许漾眨眼,“啊!我没听说过这个。”公司每天的蜚短流长都是领导间的勾心斗角,可能他们自己都没空管这个吧。
她一时茫然:“如果事情是你说的这样,难道要我们公司去交涉吗?”
“交不交涉就不是管得了的了。”张千越收起资料,忽觉这个无谓的口气不太妥当,改口道,“我费了老大劲才把这些消息串在一起,当然希望你们公司能出头。”
“等等。“许漾终于抓到重点,“这和东柏果园有什么关系?”
东湖站笔直往下,就是东柏果园。张千越看了她一眼,在湖的一边画了个圈。“三号线的终点站肯定是科技园,从市区到科技园,三号线几乎是笔直的一条线,穿过了T3011地块,也经过东柏果园。如果你们还想要这块地,按照路线最优,除非东湖站在这里。

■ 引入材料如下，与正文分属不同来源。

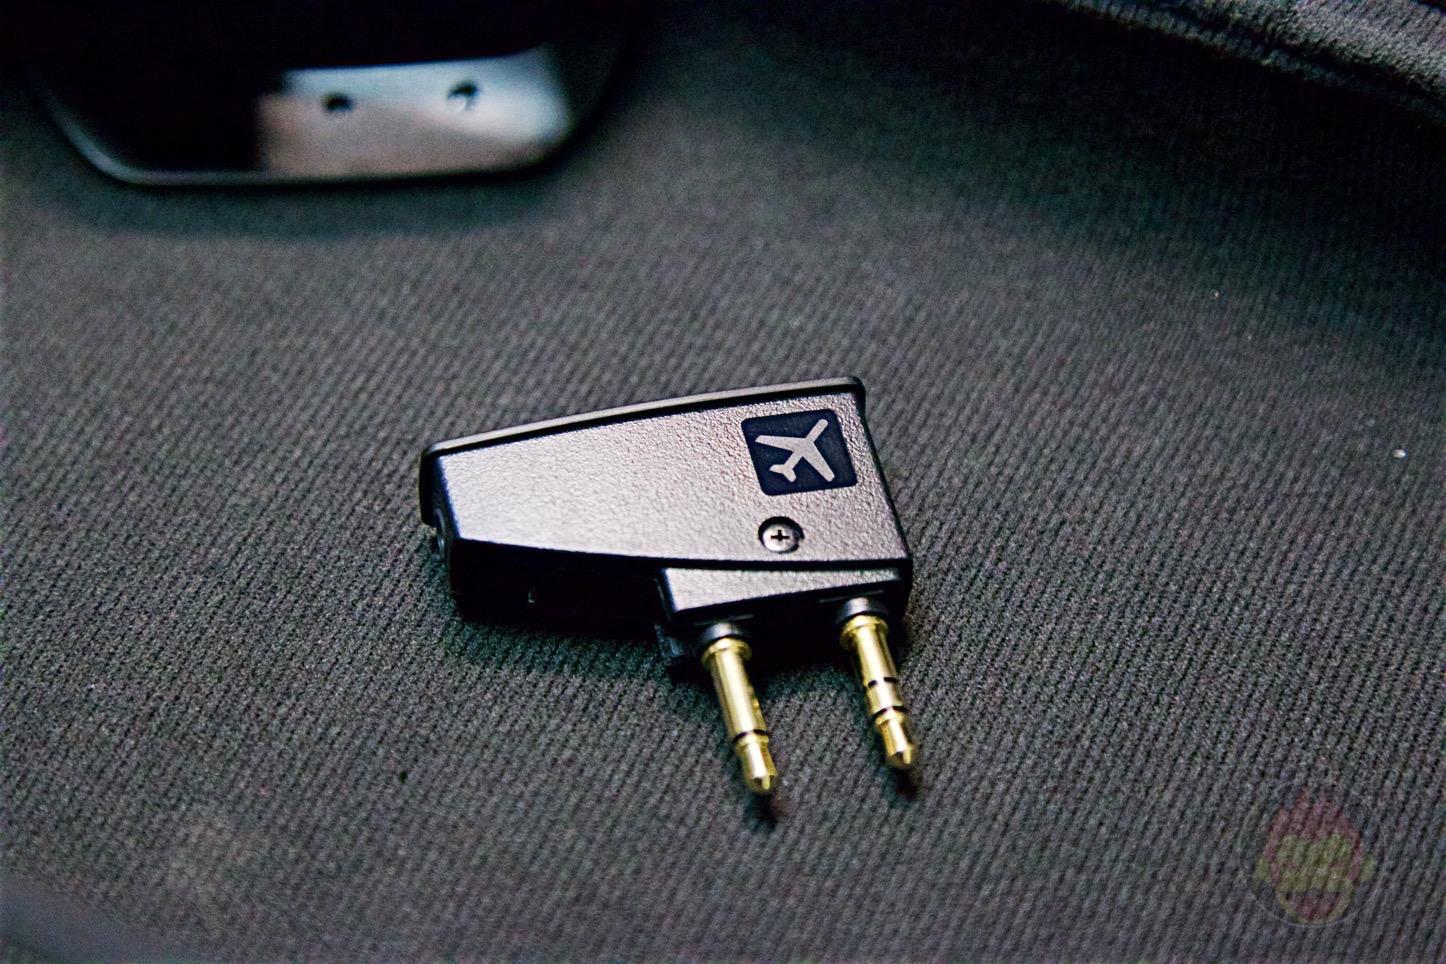 Bose-Quiet-Comfort35-16.jpg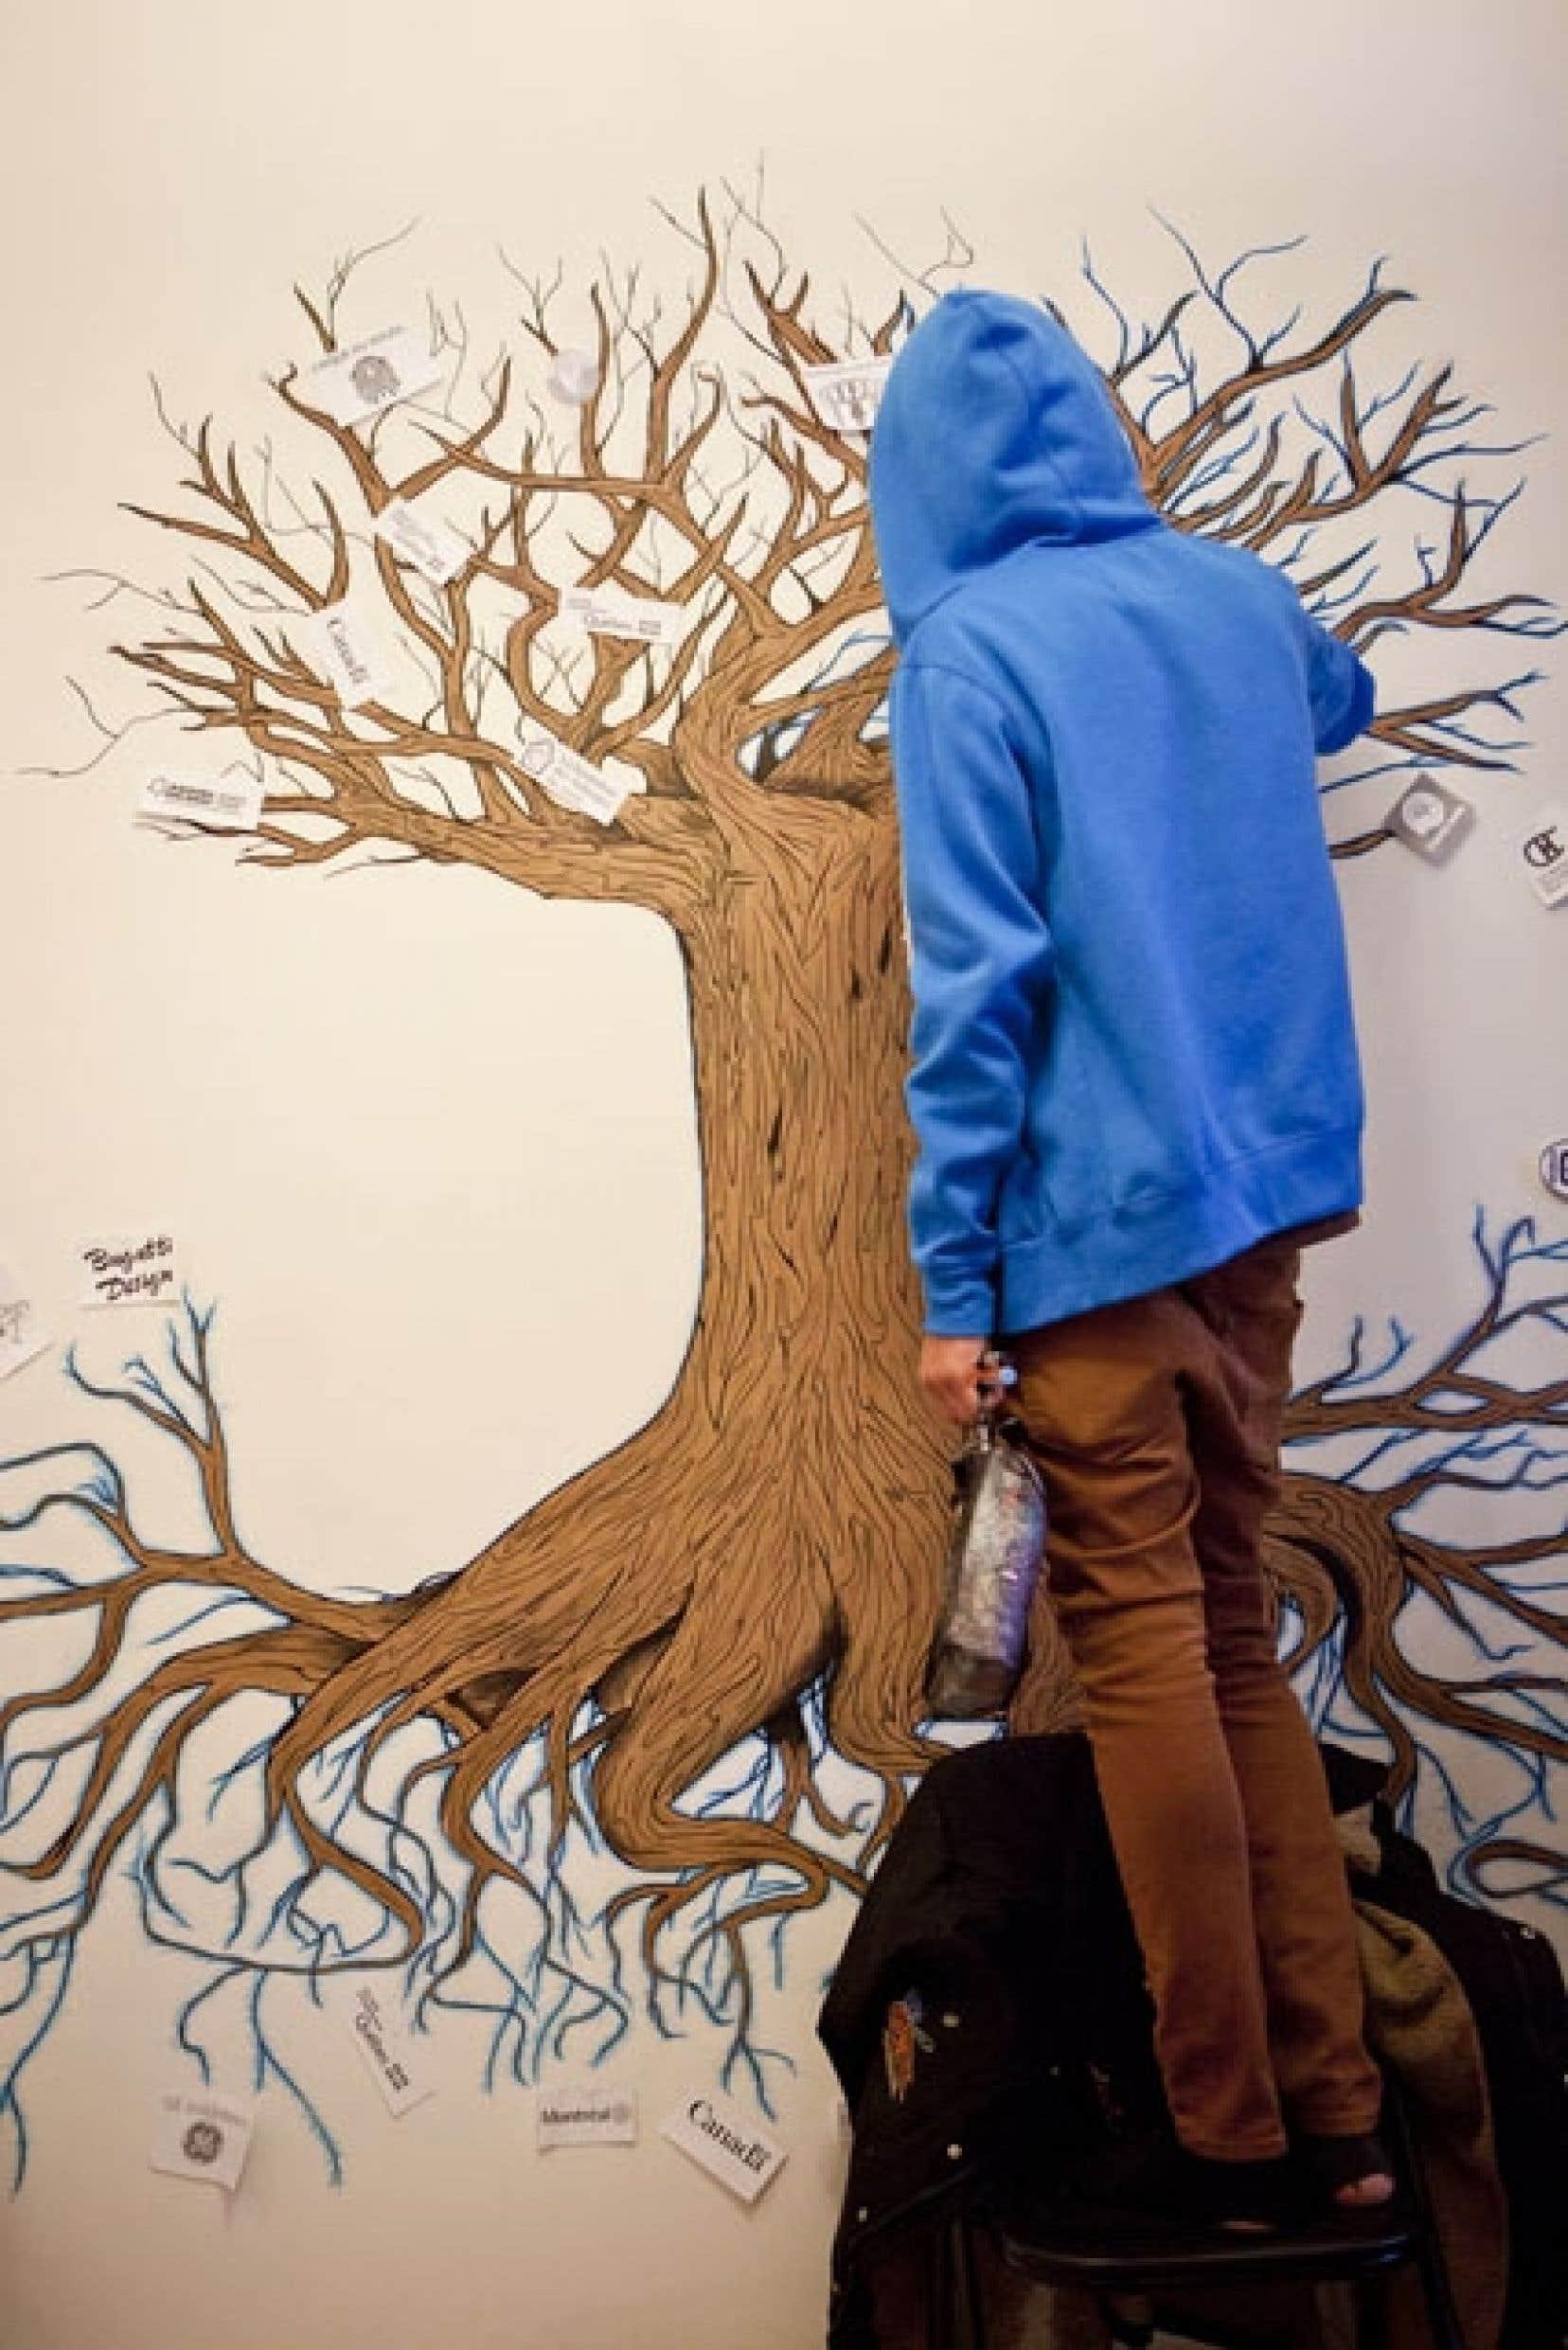 Dans l'entrée d'En Marge, Mathieu a peint un arbre dont les racines sont presque aussi larges que les branches. Un dessin évocateur pour un jeune déraciné.

”换言之,保住了那块地,东柏果园也能逃过一劫。
原来如此。
许漾目光探究,视线在桌上梭巡,意外看到“清城墙”、“庙前街”等字样。
“这些又是做什么用的?”
张千越但笑不语。
她花了一点时间消化,很快明白过来,一个人只是有点小头疼,常常不会在意,多数扛一扛就过去了。要是头也疼、眼也疼、腿也疼,每个器官都在造反,会不会心里惶恐?会不会认真对待每一个小问题,重新审视这具身体?
正想问他到底准备了多少封匿名信时,白楚的电话来了。
“有三个消息,一个好消息,一个坏消息,还一个不好不坏的消息,你先听哪个?”